Reporting capabilities can be configured to meet a wide variety of needs. Test reports can be output on demand, always, or on failure only. The reports can contain all results, or just results for failed steps. The header format, and amount and order of information for each step can be specified, as well as the destination device (e.g., which printer, or to the CRT). Test program reports can also be configured to include or exclude specific data. SPC data-logging can be disabled, or enabled for pass-only steps, pass and fail steps, or just test summary information.
The Analyst ems 12KN includes the 12KN dual-level, long-travel pneumatic fixture press built into a rack-cabinet. This unit can be installed on your factory floor, and is ready for use once connected to standard compressed air and a 220VAC outlet. The standard configuration is complete for most testing operations. It requires only one load/unload cycle per test, with no lids or doors for the operator to manipulate between tests. CheckSum can ship the system to you complete with a ready-to-use test fixture and test program for one or more of your UUTs. You can use CheckSum’s fixturing division to handle all of your fixturing and programming needs; or you can modify or add UUTs yourself or with the use of third-parties.
The optional CheckSum fixture kits; KIT28, KIT20², KIT2KN-QC², or KIT1000-QC² can minimize your recurring costs. The fixtures include handles to make storage and moving easy. Installing the fixture kit simply involves sliding the top and base into place. The bottom assembly includes a fiberglass (G-10 / FR4) probe plate with a fixture interface section and pan covering the wiring.

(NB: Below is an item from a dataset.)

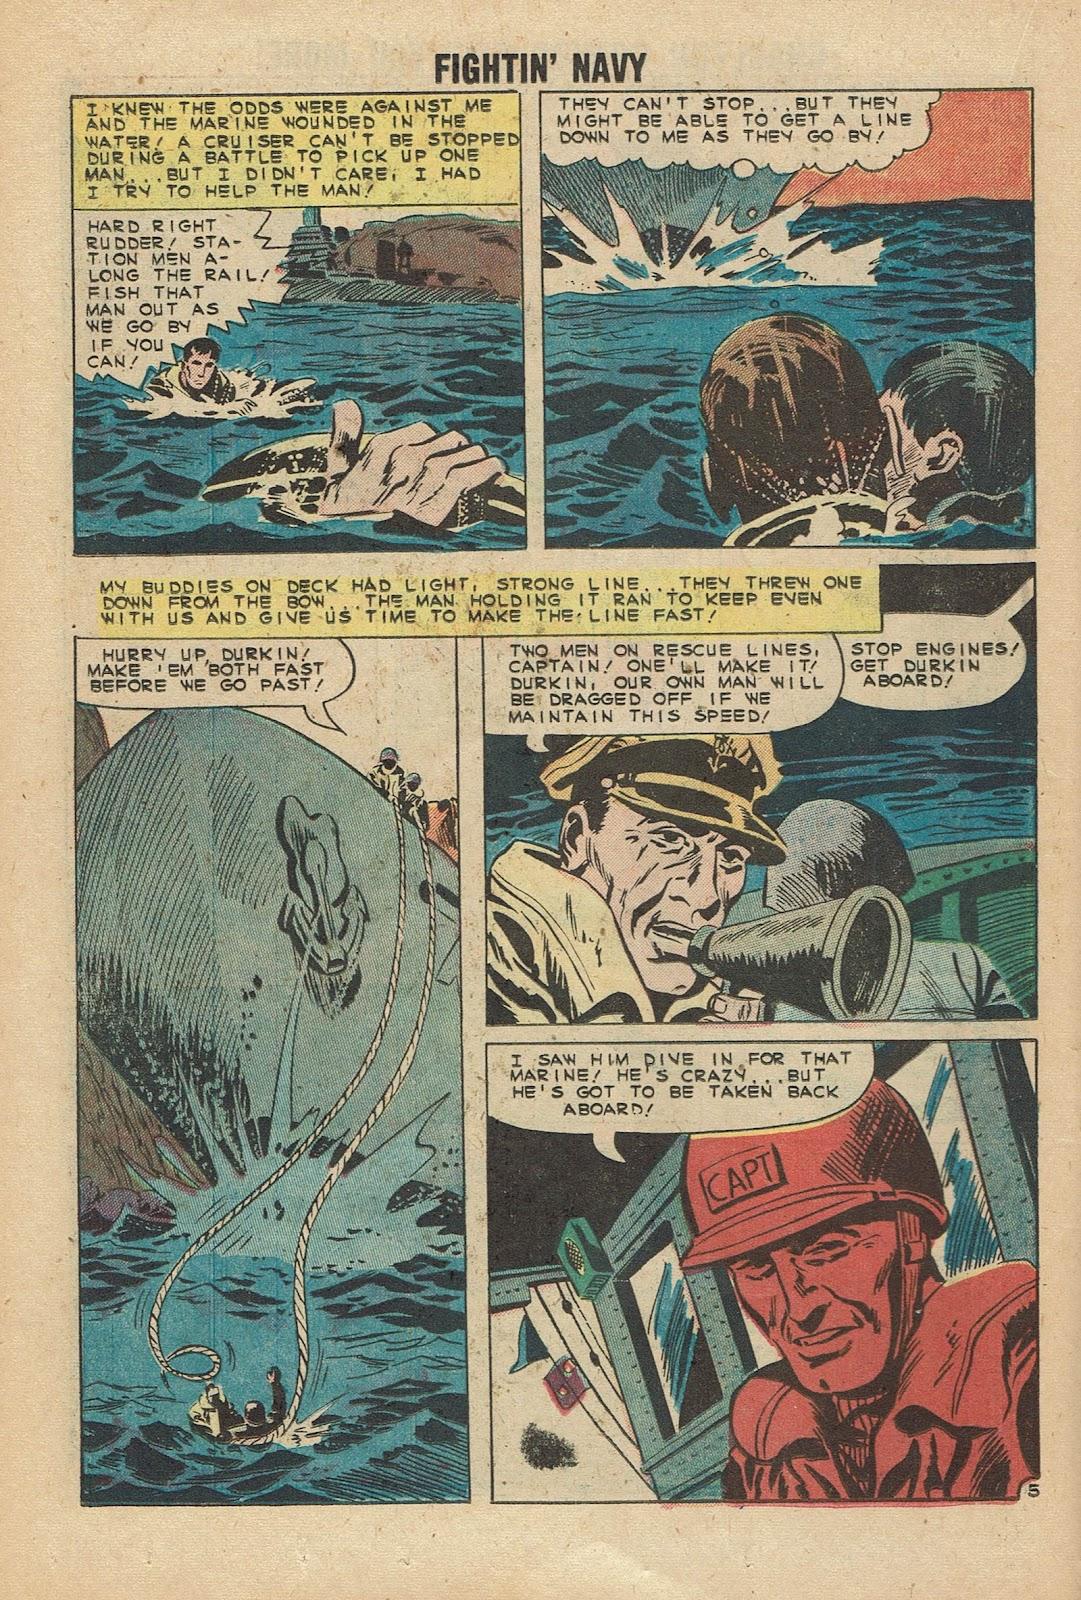 Read online Fightin' Navy comic -  Issue #96 - 18

The top assembly is a clear polycarbonate plate that is used with pressure rods to press the UUT down onto the spring-probes. The top assembly can be machined and milled. The front of the UUT is accessible during test time for adjustment access.
To run a test, the operator places the UUT on the fixture guide pins, then presses the start test button. Once the test is completed, the system displays the results and the fixture top automatically rises so the UUT can be removed.
The Analyst ems 12KN in circuit test system is a complete, ready to use test system and typically includes:
1 System Electronics with Analyst ems software
10 200 Test Point MPX Modules
1 TestJet Technology Module and License
1 Power Module
1 Programmable Power Supply
1 Calibration/Verification Fixture
1 Industrial Chassis with USB system module
1 PC with USB control
1 12KN Dual Level Long-Travel Pneumatic Fixture System
The system includes a swing-arm to mount and position the PC LCD monitor at a comfortable height and angle for the test station operator.
If you need a different configuration feel free to call us and discuss your application.
† MultiWriter Technology is protected under U.S. Patent No. 7,802,021.
* TestJet Technology is protected under U.S. patent numbers 5,124,660 and 5,254,953.
¹ The compression force required for the total number of spring-probes cannot exceed the 2700 pounds (12000 newtons) limit of the 12KN system.
² An adapter is provided to use KIT20, KIT2KN-QC, or KIT1000-QC fixtures on the 12KN. Existing KIT1000-QC and KIT2KN-QC kits may require top plate modification.